Oracle Transparent Data Encryption using Oracle Wallet
If you wish to use a wallet specifically for TDE, then you must specify a wallet location in the sqlnet.ora file by using the ENCRYPTION_WALLET_LOCATION parameter. Oracle recommends that you use ENCRYPTION_WALLET_LOCATION parameter to specify a wallet location for TDE.
ENCRYPTION_WALLET_LOCATION =
(SOURCE =
(METHOD = FILE)
(METHOD_DATA =
(DIRECTORY = /u02/app/oracle/admin/swxdev/wallet)
)
)
SQL> select * from v$encryption_wallet;
WRL_TYPE
--------------------
WRL_PARAMETER
--------------------------------------------------------------------------------
STATUS
------------------
file
/u02/app/oracle/admin/swxdev/wallet
OPEN
SQL> ALTER SYSTEM SET ENCRYPTION KEY IDENTIFIED BY "***";
SQL> ALTER SYSTEM SET ENCRYPTION WALLET OPEN IDENTIFIED BY "***";
SQL> ALTER SYSTEM SET ENCRYPTION WALLET CLOSE IDENTIFIED BY "****";
-- Modify Wallet for Auto-Login --
orapki wallet create -wallet /u02/app/oracle/admin/swxdev/wallet -auto_login
CREATE BIGFILE TABLESPACE SWX_ENCRYPTED DATAFILE
'+DATAC1' SIZE 25G AUTOEXTEND ON NEXT 250M MAXSIZE 33554431M
LOGGING
ONLINE
EXTENT MANAGEMENT LOCAL AUTOALLOCATE
BLOCKSIZE 8K
SEGMENT SPACE MANAGEMENT AUTO
encryption using 'AES256'
default storage (encrypt);
SELECT * FROM V$ENCRYPTED_TABLESPACES;
— Change Wallet Location to ACFS, has to be done in RAC where the Wallet files needs to be on a Shared Cluster File System —
1. Copy wallet files to new location
cp -p /u02/app/oracle/admin/swxdev/wallet/* /ACFS/wallet
2. Go to the sqlnet.ora file where ENCRYPTION_WALLET_LOCATION location is defined.
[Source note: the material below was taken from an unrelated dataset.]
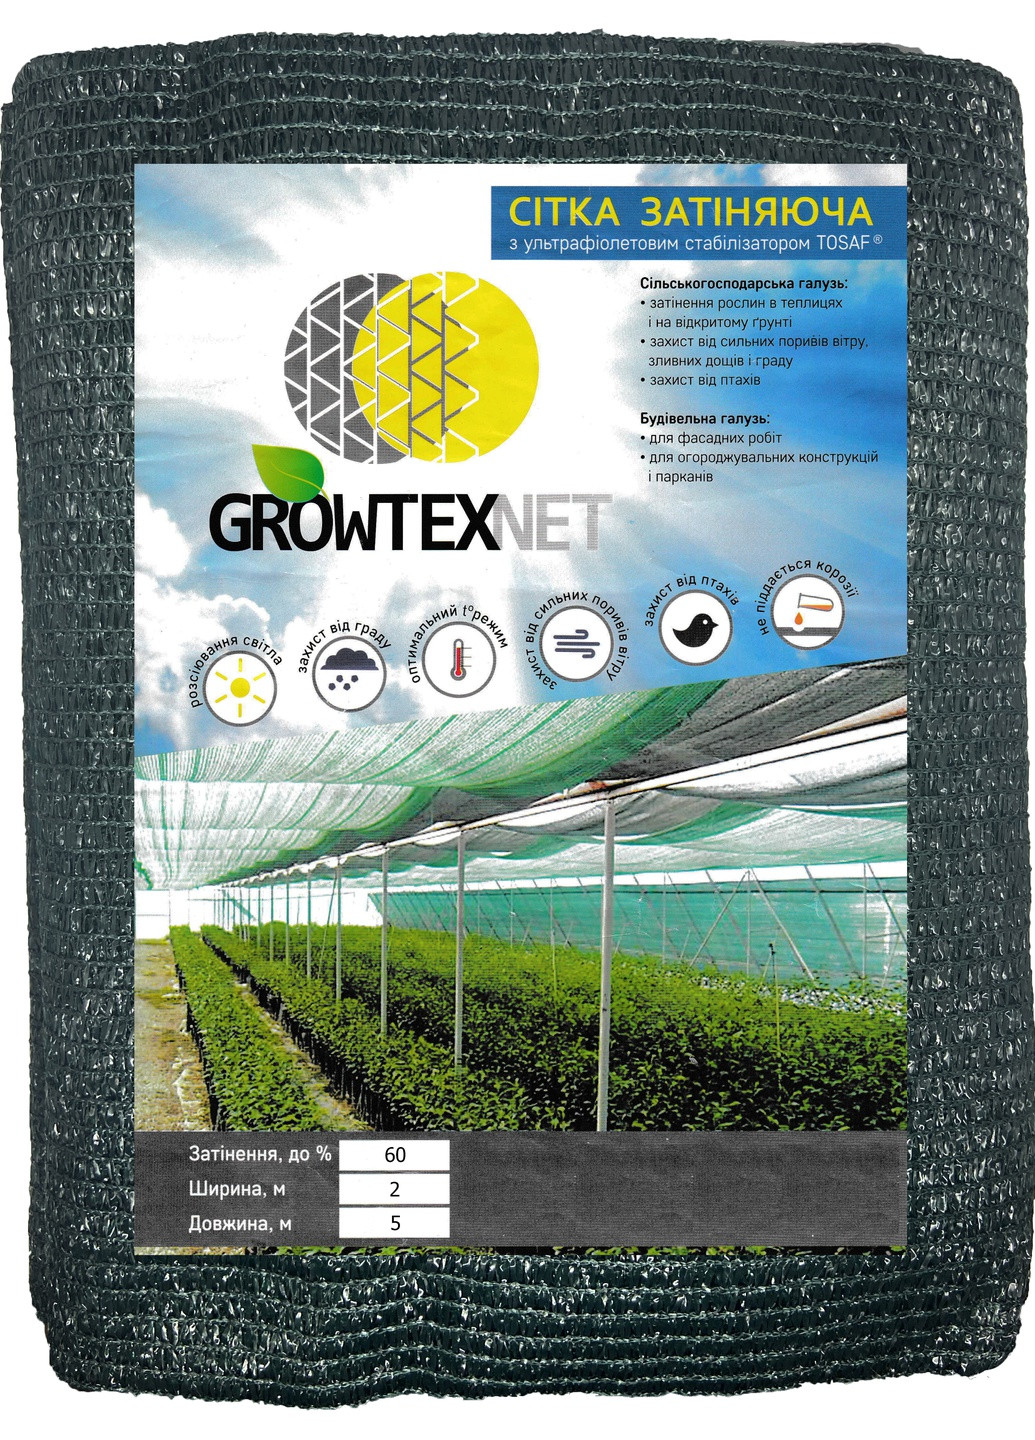 Сетка затеняющая Growtex Net с ультрафиолетовым стабилизатором 60% (55 гр/м2) размер 2х5 м Одетекс (258457575)

Change to new path /ACFS/wallet
ENCRYPTION_WALLET_LOCATION =
(SOURCE =
(METHOD = FILE)
(METHOD_DATA =
(DIRECTORY = /ACFS/wallet)
)
)
3. Run orapki utility to modify the wallet location for auto-login
orapki wallet create -wallet /ACFS/wallet -auto_login
4. Bounce the databases for which the encryption wallet has been set
— Add Wallet to RAC Database —
If you check the 2nd instance, you can see the wallet is closed on 2nd node and the location points to the default location
SQL> select * from v$encryption_wallet;
WRL_TYPE
--------------------
WRL_PARAMETER
--------------------------------------------------------------------------------
STATUS
------------------
file
/u02/app/oracle/admin/swxtst/wallet
CLOSED
1. Since we have already moved the Encryption wallet to the ACFS shared file system, we have to copy the sqlnet.ora file from Node1 to
Node 2
scp -r /u02/app/oracle/product/11.2.0/dbhome_1/network/admin/sqlnet.ora
oracle@exatestdbadm02:/u02/app/oracle/product/11.2.0/dbhome_1/network/admin/
2. Now check the Instance on Node 2
SQL> select * from v$encryption_wallet;
WRL_TYPE
--------------------
WRL_PARAMETER
--------------------------------------------------------------------------------
STATUS
------------------
file
/ACFS/wallet
OPEN
And you can now see the wallet is open.